Dr Joanna Raisbeck’s doctoral thesis, conceived and guided by her graduate studies at Somerville, has this month been confirmed as the recipient of two prestigious German research prizes.
Dr Raisbeck, who is currently a Stipendiary Lecturer in German at St Hilda’s College and Wadham College, last year won the inaugural Klaus Heyne-Preis zur Erforschung der Romantik (Klaus Heyne-Award for Research in German Romanticism) for her doctoral thesis, ‘Poetic Metaphysics in Karoline von Günderrode’. The prize is awarded by the Goethe-Universität Frankfurt am Main for an ‘outstanding contribution to the study of Romanticism’.
It is a huge honour to have had such success with German research prizes, and this would have not been possible without having been at Somerville.
DR Joanna Raisbeck
Earlier this month, Dr Raisbeck was also confirmed as the joint-recipient of the Novalis-Preis 2022 for her doctoral thesis. The Novalis prize is awarded every two years by the Internationale Novalis-Gesellschaft [International Novalis Society] and the Friedrich-Schiller-Universität Jena for ‘innovative and interdisciplinary research in European Romanticism’.

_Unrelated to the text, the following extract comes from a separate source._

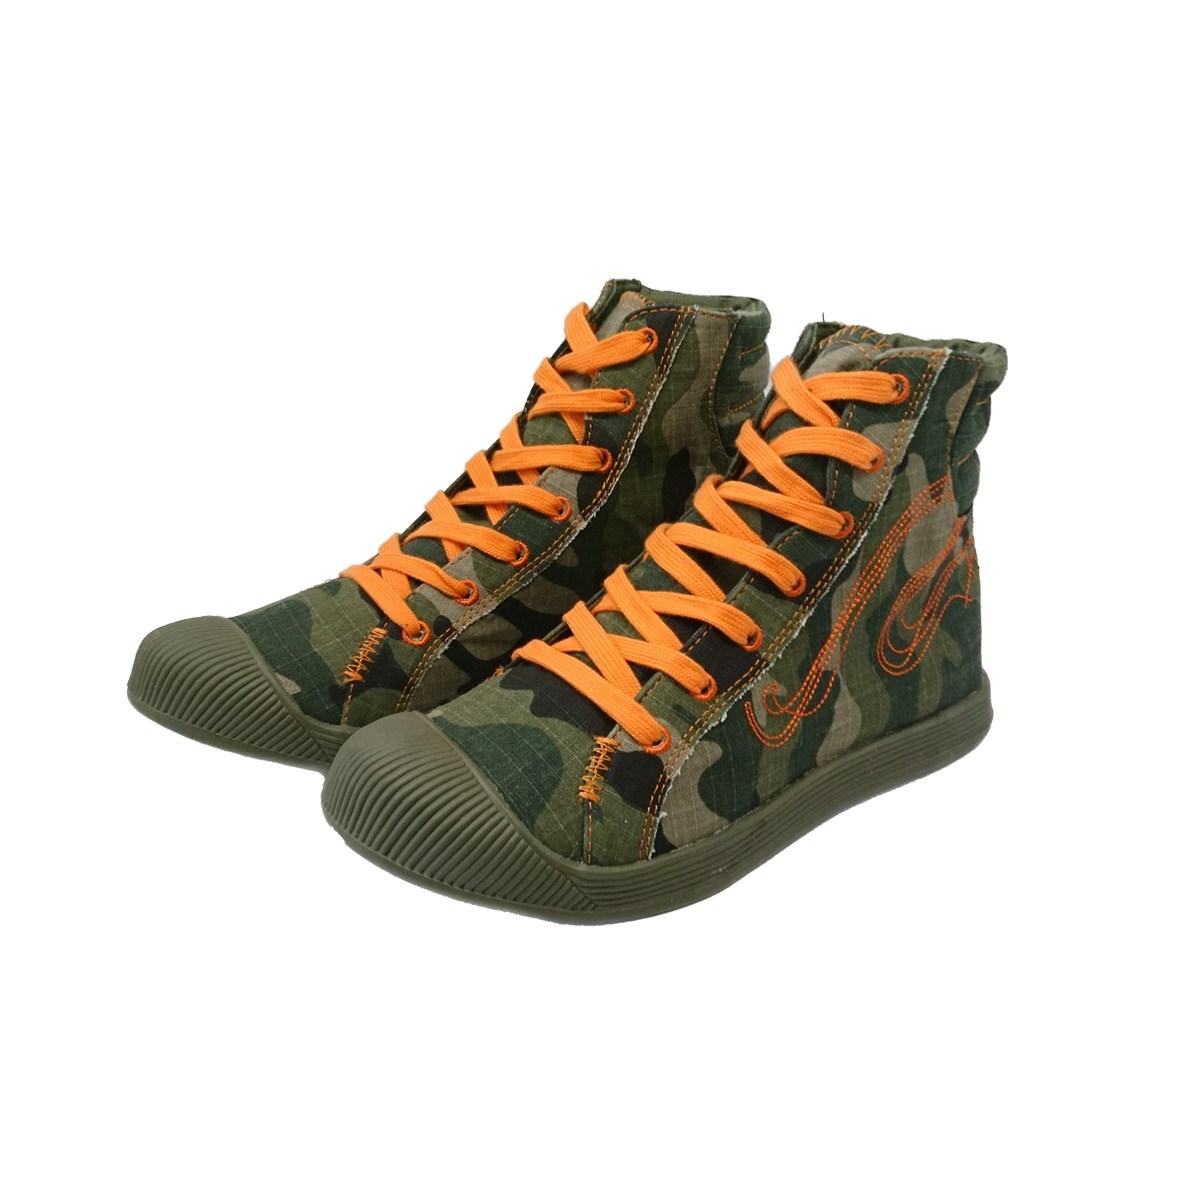 Sneaker πάνινο exe 7987 Khaki
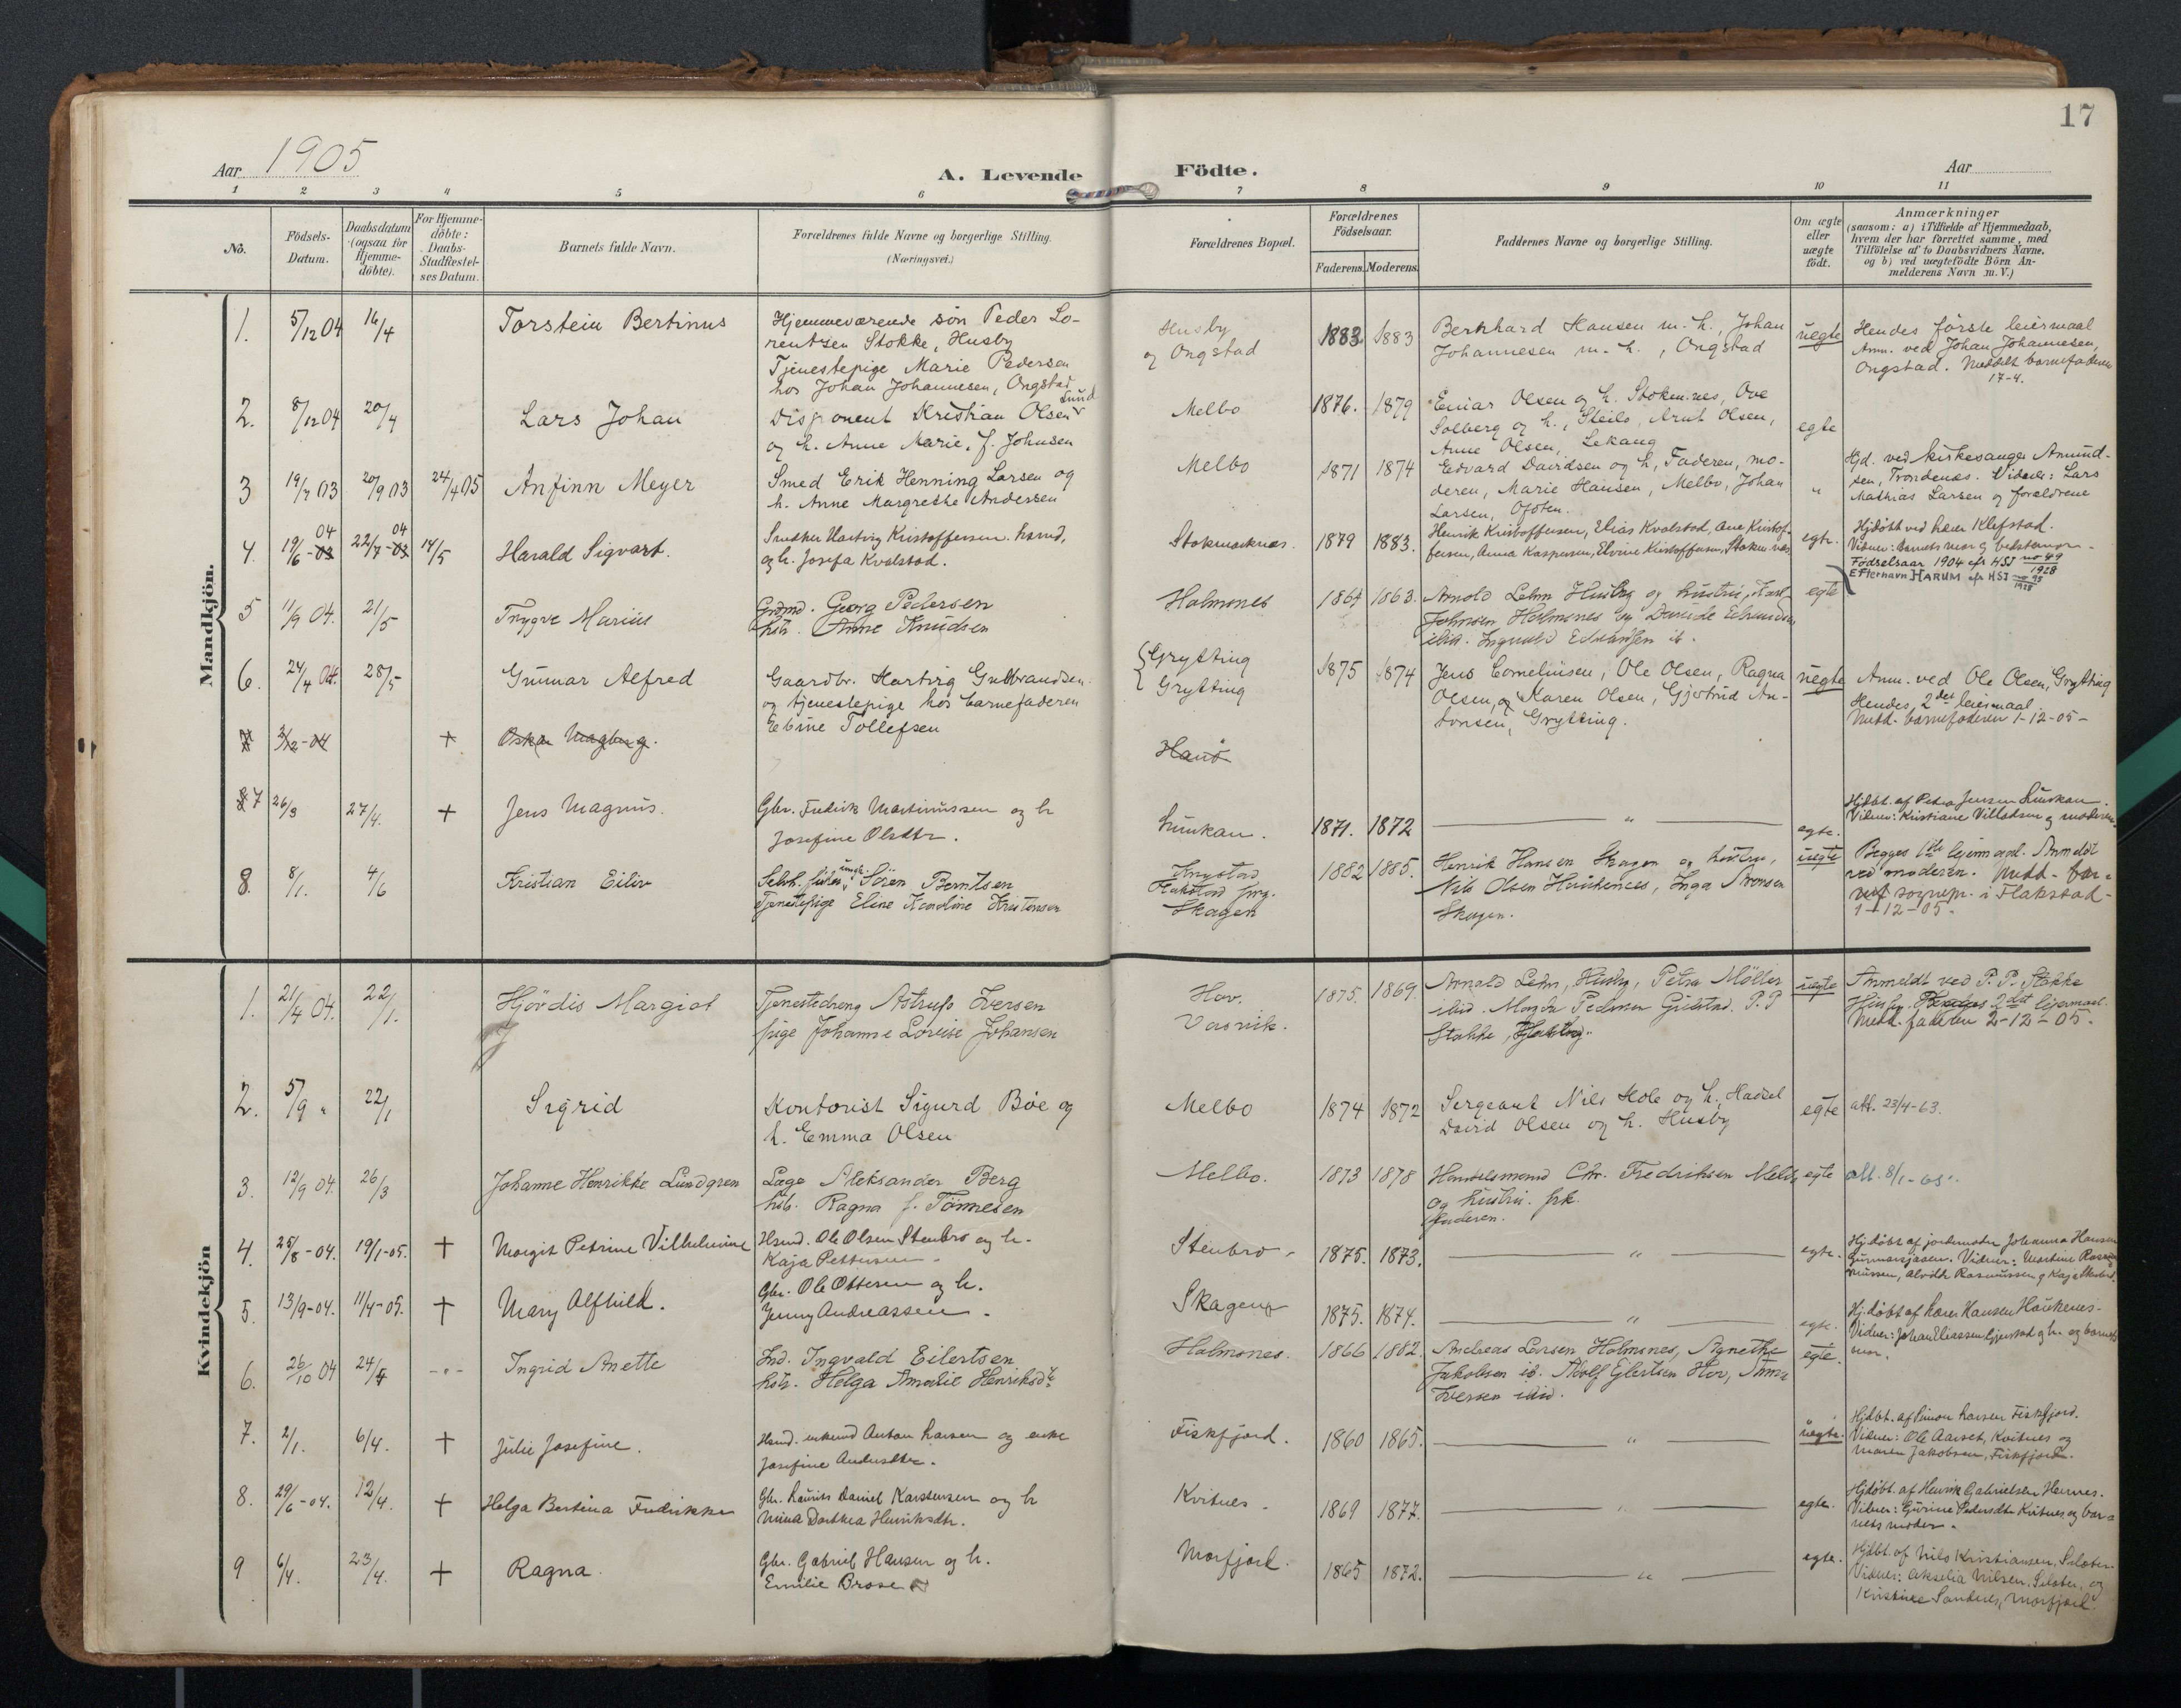 SAT, Ministerialprotokoller, klokkerbøker og fødselsregistre - Nordland, 888/L1248: Ministerialbok nr. 888A14, 1904-1913, s. 17

Reflecting on the genesis of her work at Somerville, Dr Raisbeck said, ‘I came to Somerville thanks to the generosity of a college- and Faculty-funded studentship for my graduate studies. It was an excellent and welcoming environment in which to pursue research, and the MCR was a terrific social space. I have fond memories in particular of spending time in the college library and archives, where I was fortunate enough to see, among other things, the tutorial reports for Dorothy L. Sayers, and a fair copy of a poem by Heinrich Heine (which I believe to be in his own hand).
‘Professor Almut Suerbaum was always on hand with advice about how to do doctoral research and pursue an academic career in the UK and Germany. I am very grateful for the college’s support in all its forms. It is a huge honour to have had such success with German research prizes, and this would have not been possible without having been at Somerville.’